**What is expected:** Leave out any picture and return the remaining listing below exactly as given.

**Dataset excerpt:**
· · · · ·
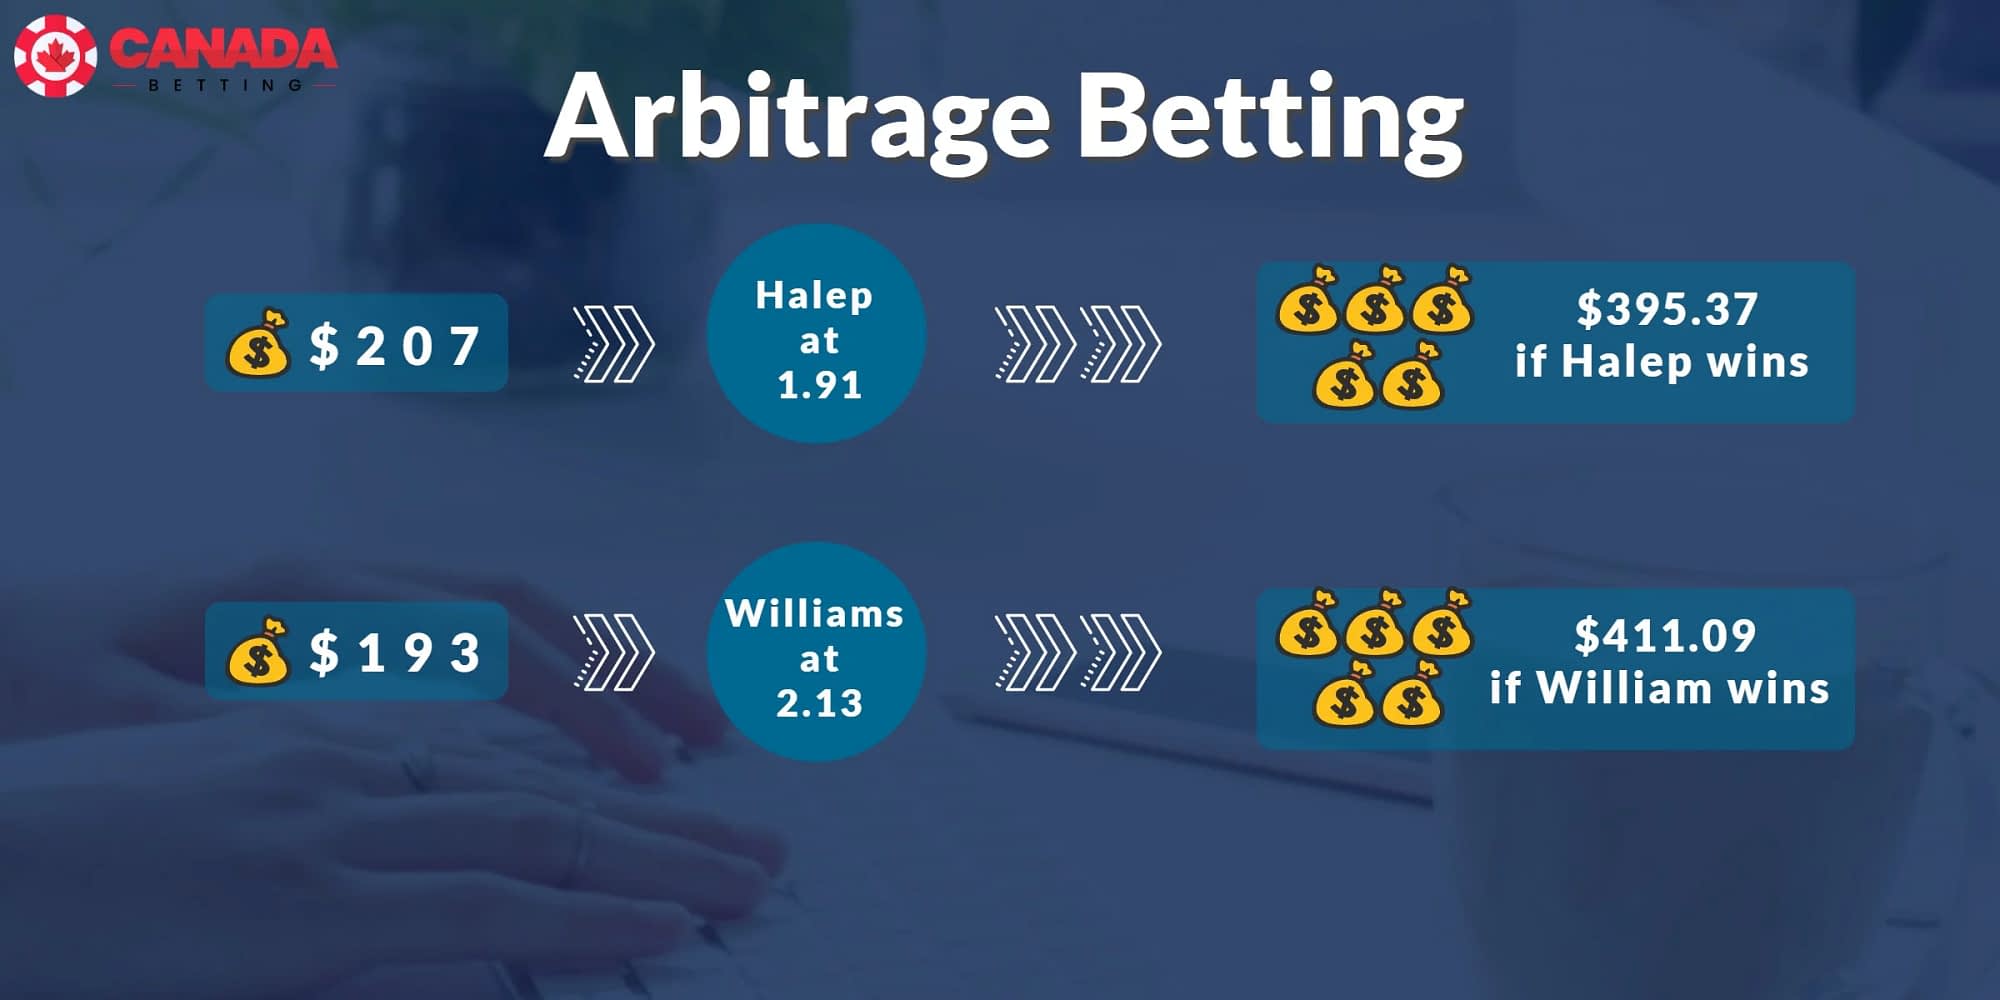 Arbitrage Betting example
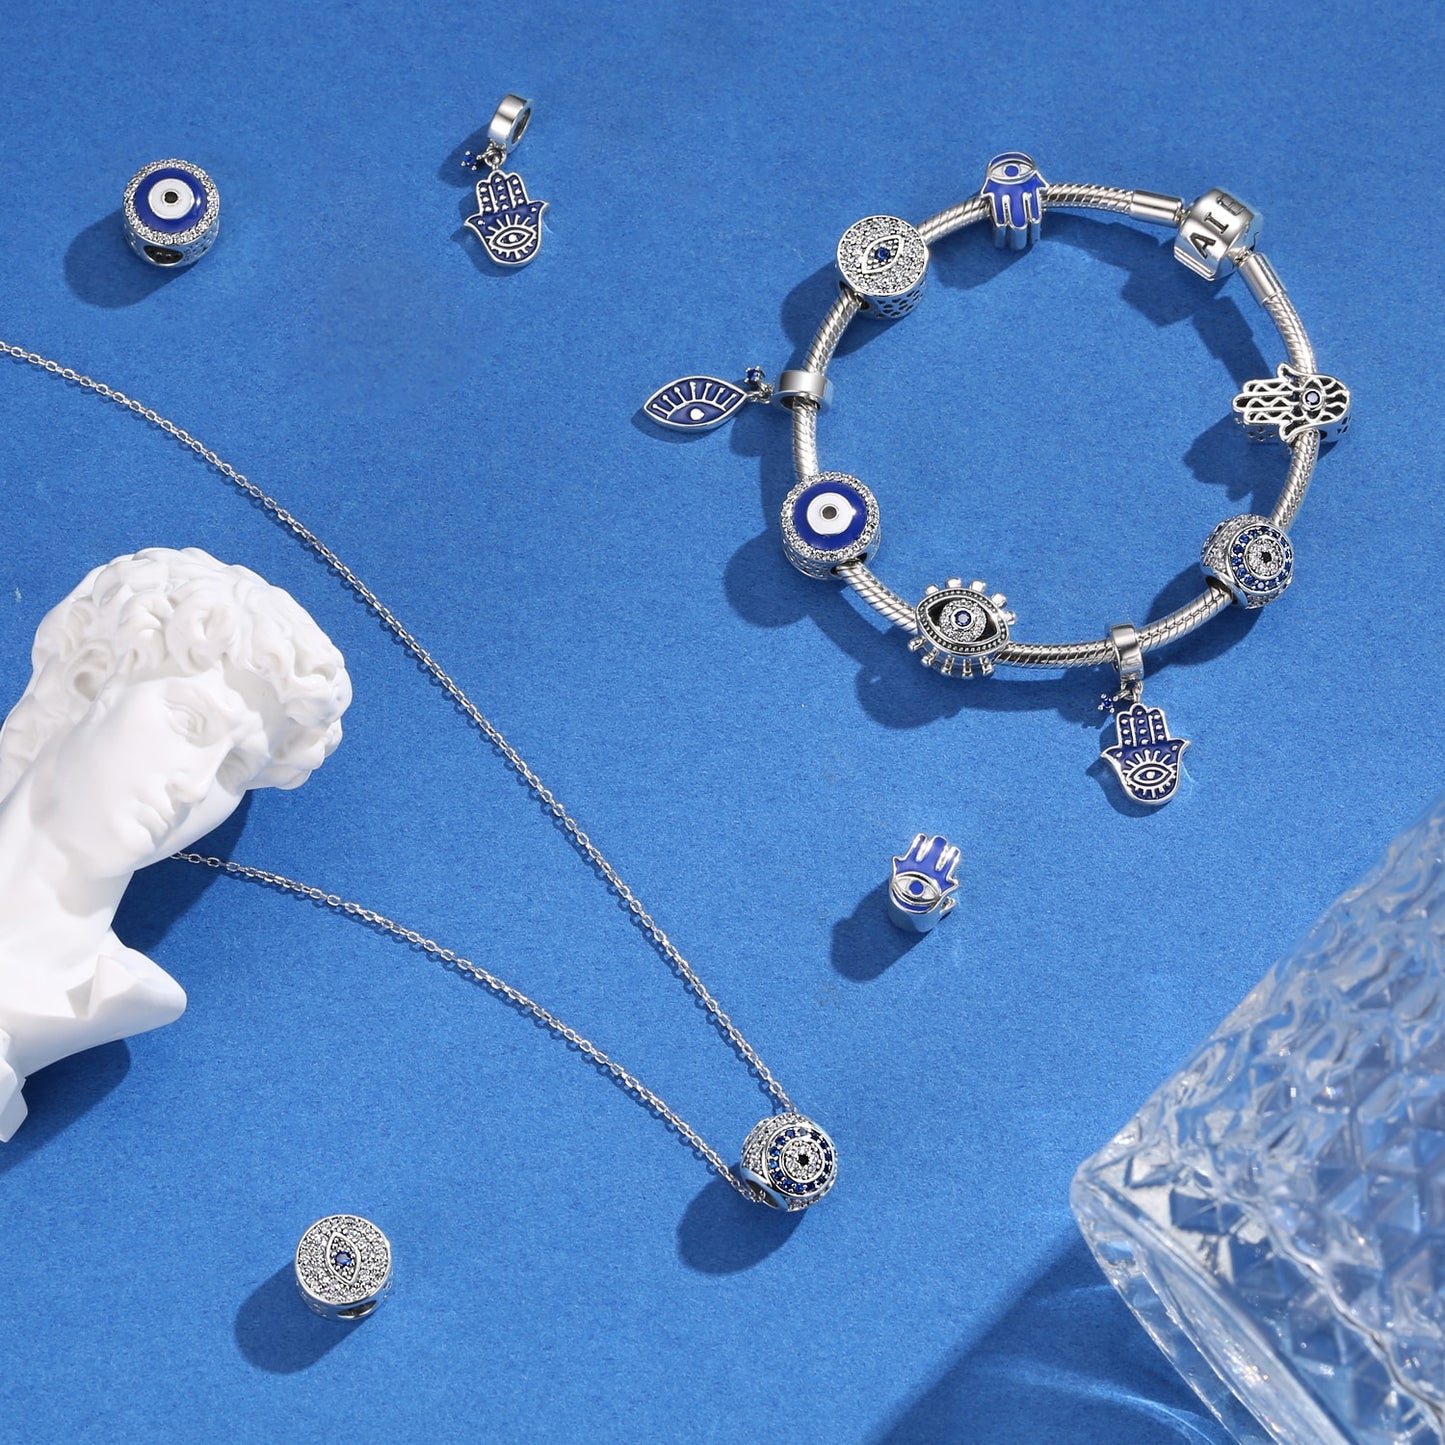 Fashion 925 Sterling Silver Colorful Blue and White Enamel Eye CZ Beads Fit Original JIUHAO Charm Bracelet Jewelry Making 2021
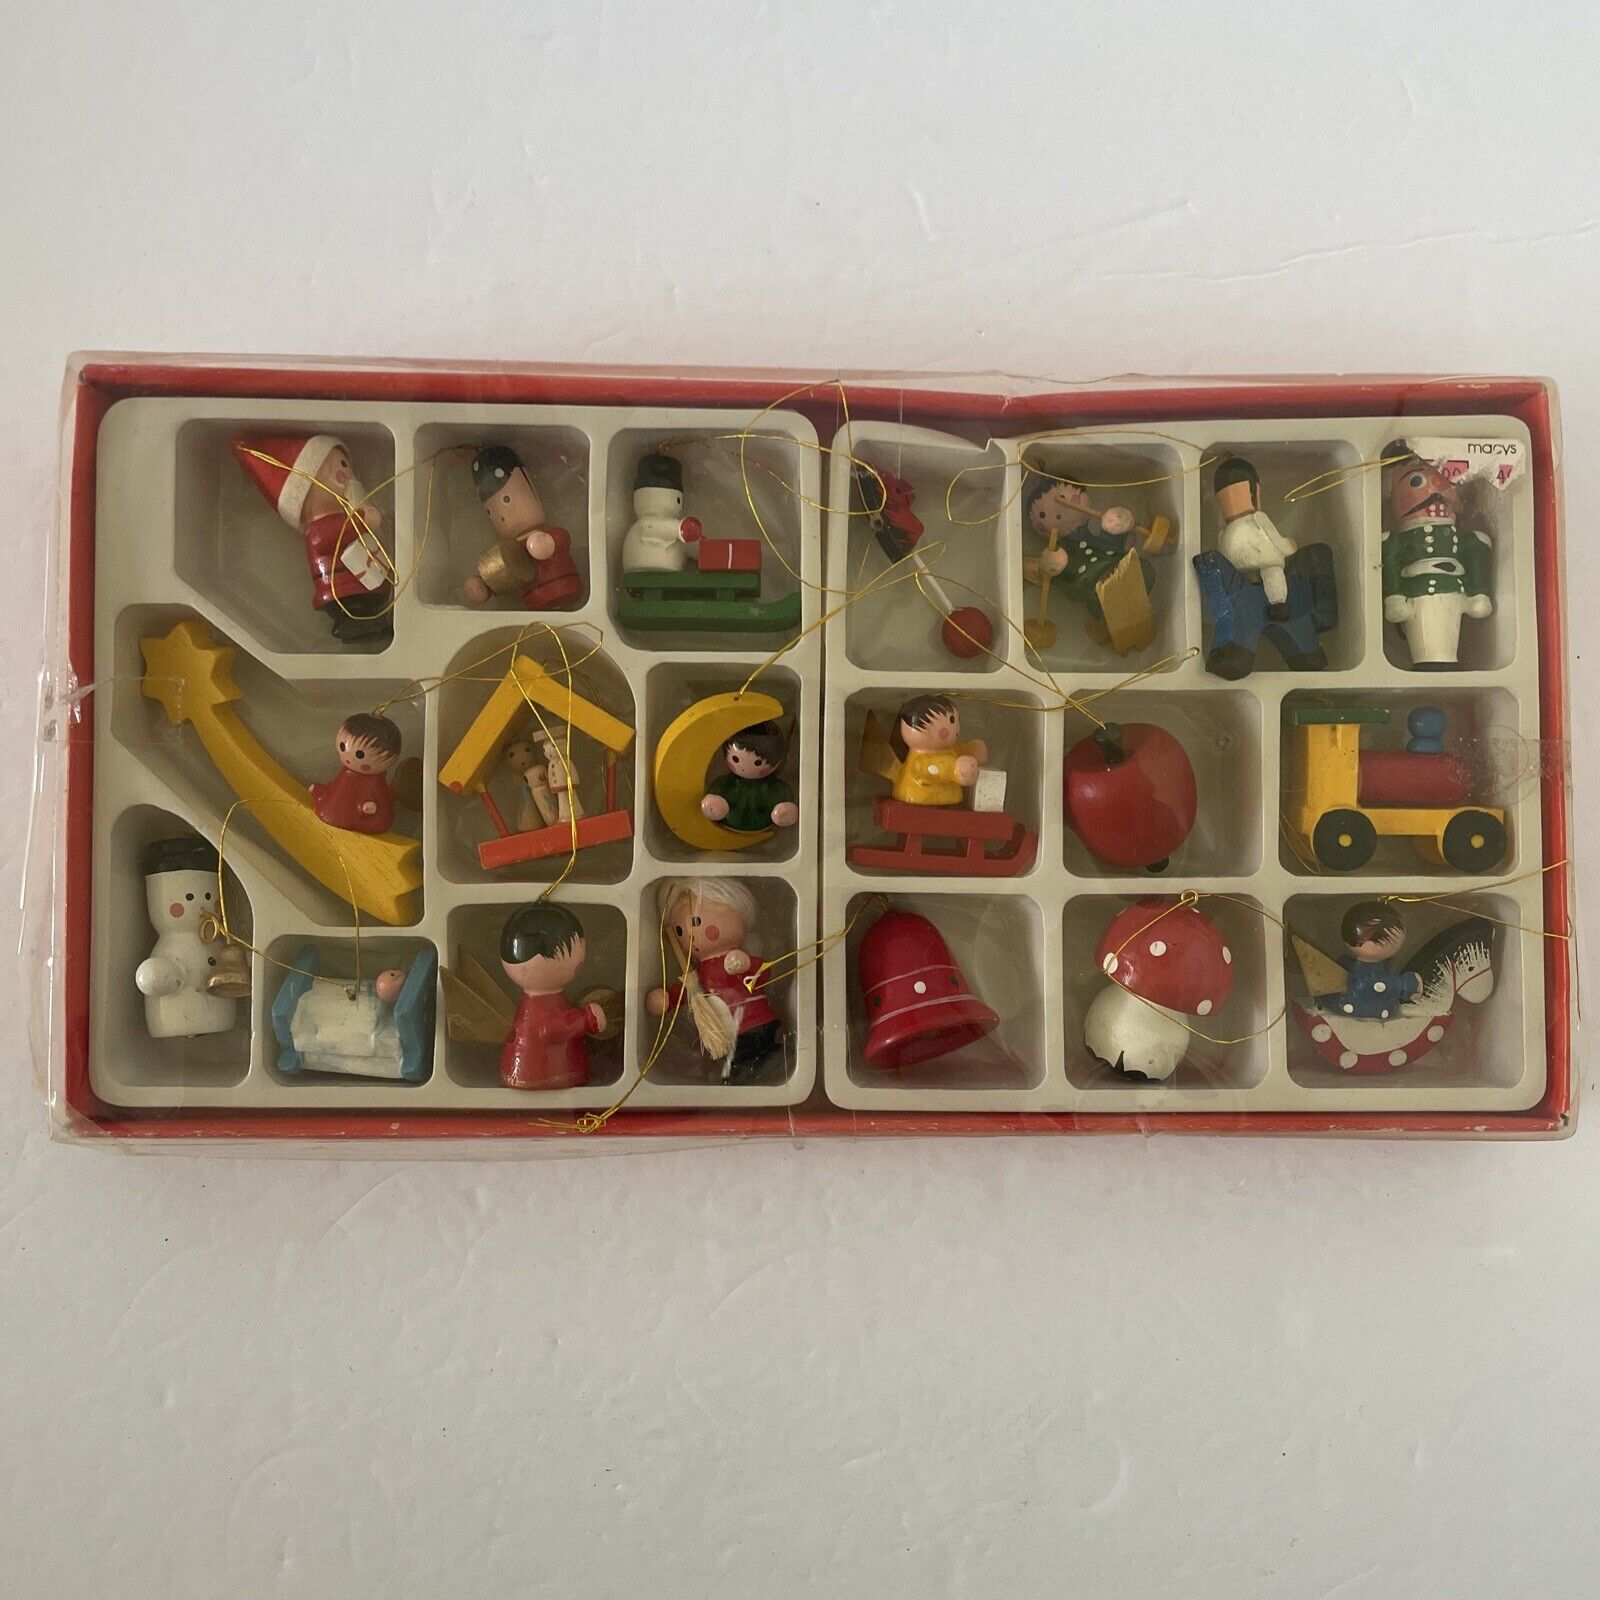 Vintage Christmas Wooden Ornaments Box of 20 Mushroom, Shooting Star, Moon, Etc.
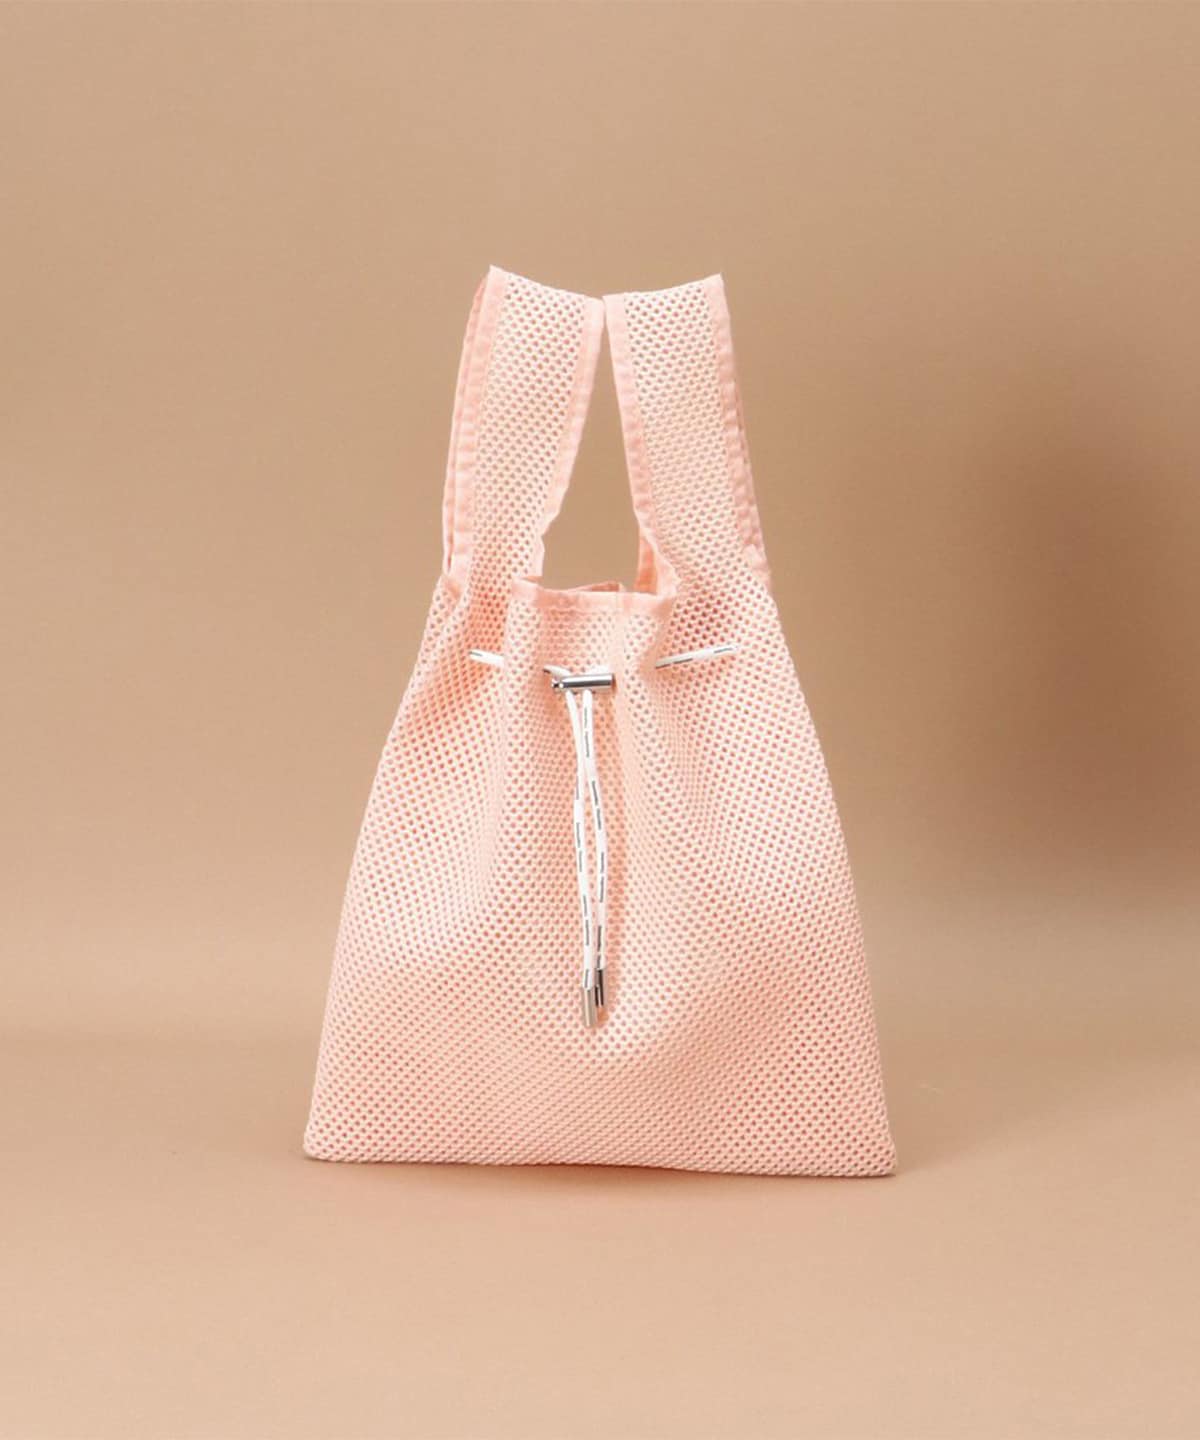 Dream bag for キャンバストートⅡ 大サイズ(FREE ピンク): Samantha
· · · · ·
**Written solution:**
 Arbitrage Betting example
 Fashion 925 Sterling Silver Colorful Blue and White Enamel Eye CZ Beads Fit Original JIUHAO Charm Bracelet Jewelry Making 2021
 Vintage Christmas Wooden Ornaments Box of 20 Mushroom, Shooting Star, Moon, Etc.
 Dream bag for キャンバストートⅡ 大サイズ(FREE ピンク): Samantha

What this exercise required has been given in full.